NEW PORT RICHEY — Pasco County is buying environmentally sensitive land from the Gills family.
It's just not the piece that some residents had hoped the county would pursue to stop a proposed lime rock mine in north-central Pasco.
On Tuesday, commissioners agreed to buy nearly 97 acres for $1,162,320 from Dr. James Pitzer Gills. The land, east of Shady Hills Road, is just south of Crews Lake Park. The land is part of 667 acres the county's Environmental Lands Acquisition Program selection committee targeted for preservation in 2013. The county secured the adjacent 568 acres in 2014.
The cost for the newest acquisition equates to $12,000 per acre, just about splitting the difference between two appraisals that set per-acre values of $11,000 and $12,905.
Conserving the land will help protect habitat at the headwaters of the Anclote and Pithlachascotee rivers, aid a north-south wildlife linkage and provide other environmental benefits, the county said.
Additionally, the complementary acreage "would allow the expansion of Crews Lake Wilderness Park from 232 acres to 424 acres. The added space will free up the original park boundary to allow the development of long-awaited amenities such as an RV park and extra multiuse trails,'' a March 12 staff memo to commissioners stated.
There is no time frame for that expansion.
"We don't have a land plan at this time, but the additional acreage will help us figure that out,'' Keith Wiley, the manager of the Environmental Lands Acquisition and Management Program, told commissioners.
Some residents of north-central Pasco aren't looking for a future park, just peace and quiet. Earlier this month, they advocated for the county to acquire a separate piece of property from Seven Diamonds LLC, a company linked to Gills, that is targeted for a 143-acre mine.

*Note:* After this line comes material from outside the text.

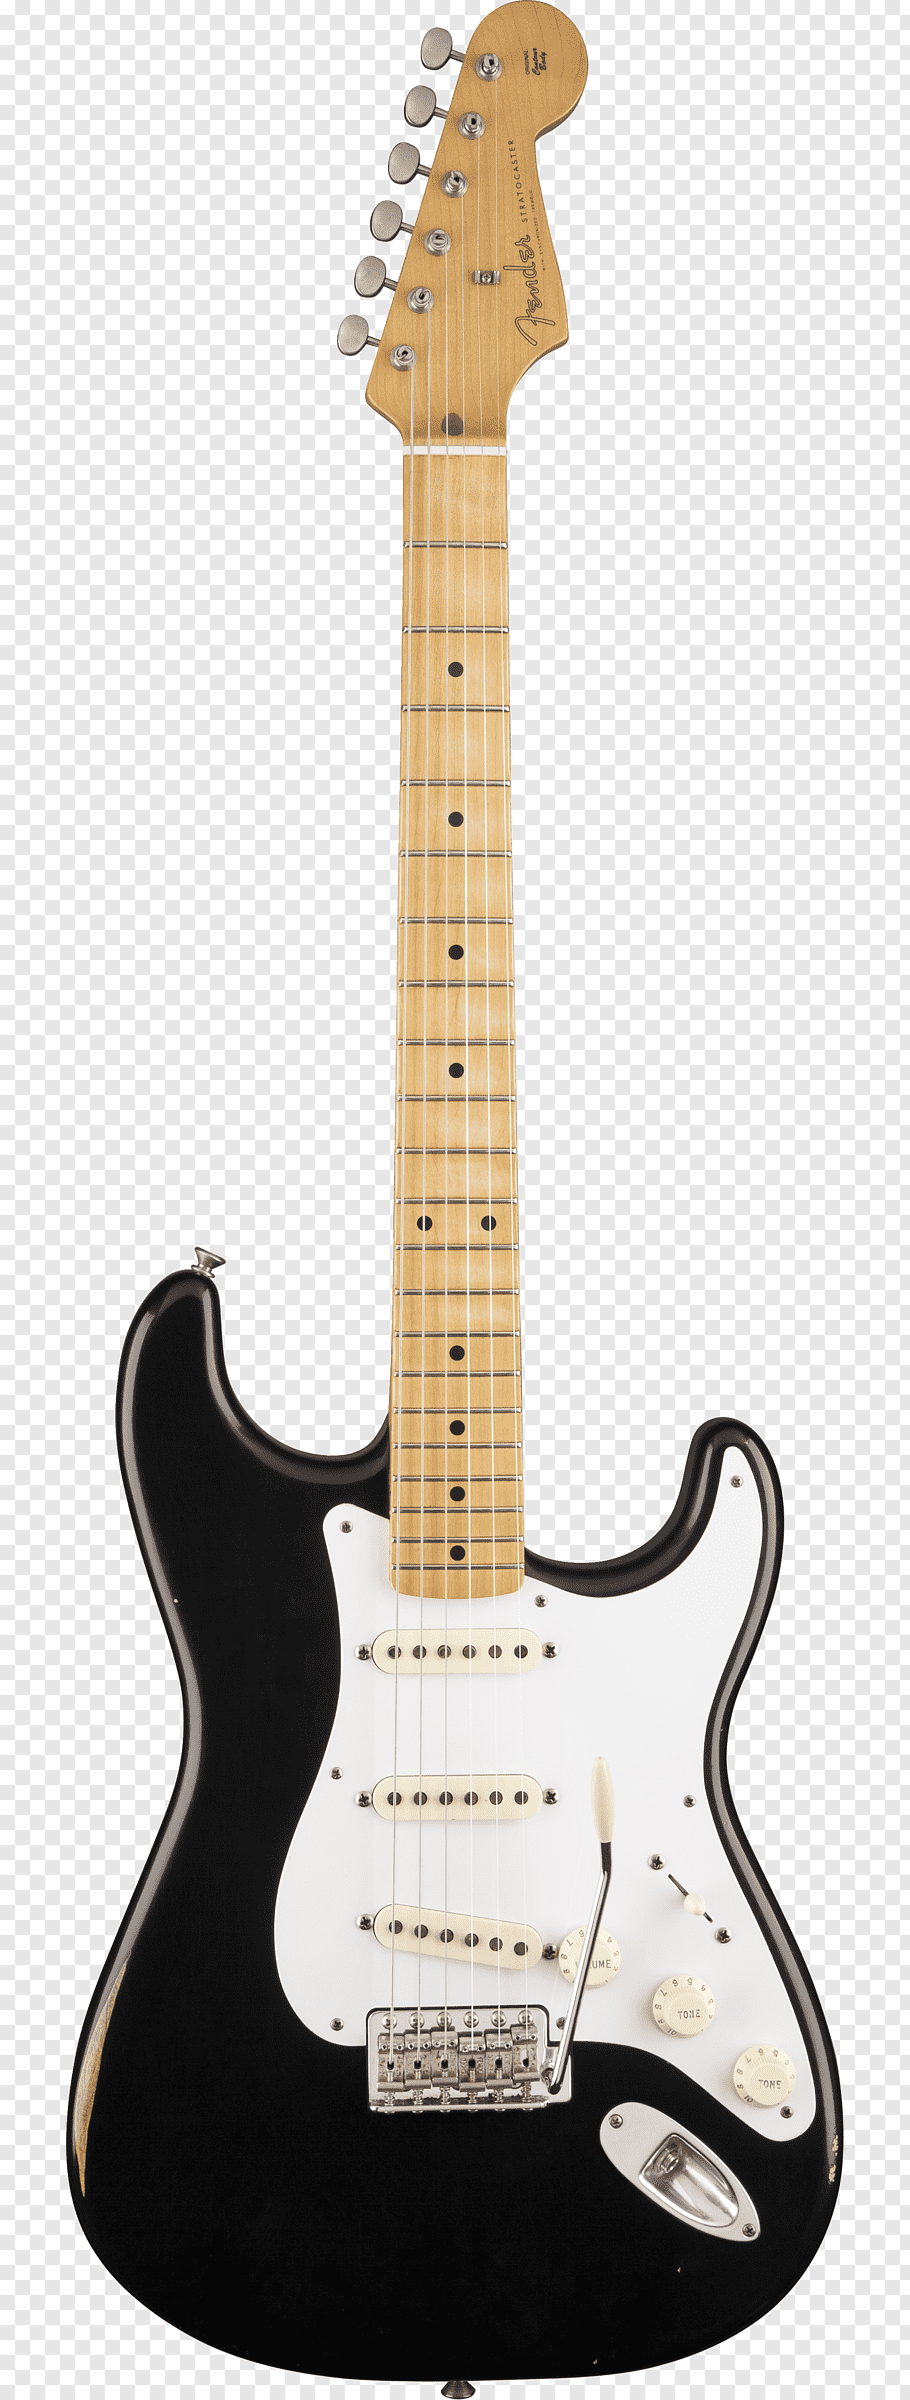 1970s Fender Stratocaster Fender Classic Series 70s.

That land is west of U.S. 41, about 5.5 miles north of State Road 52.
The request followed a past county decision to allow lime-rock mining on nearby land that is now being challenged in court. One of the plaintiffs in the lawsuit against the county, Bob Howell, along with Arlen Black, her attorney; Ed Turanchik; DeeVon Quirolo of Brooksville, and Diane Rowden, a former Hernando commissioner, addressed Pasco commissioners on March 7 and asked the board to deny the pending Seven Mines mining permit application and to preserve the property through the Penny for Pasco-financed ELAMP.
With ELAMP, however, participation is voluntary. As of Tuesday, nobody had submitted an application to the county nominating the site for preservation.
"It's going to happen,'' Turanchik said in a March 23 interview.
The nomination, he said, would be filed on behalf of the Sierra Club.
Howell said he is not hopeful of success because Seven Diamonds hasn't indicated a willingness to sell.
"It's not going to go anywhere,'' he said.
Seven Diamonds president Lew Friedland declined to respond.
"It's all speculation. We're not going to talk about it,'' Friedland said.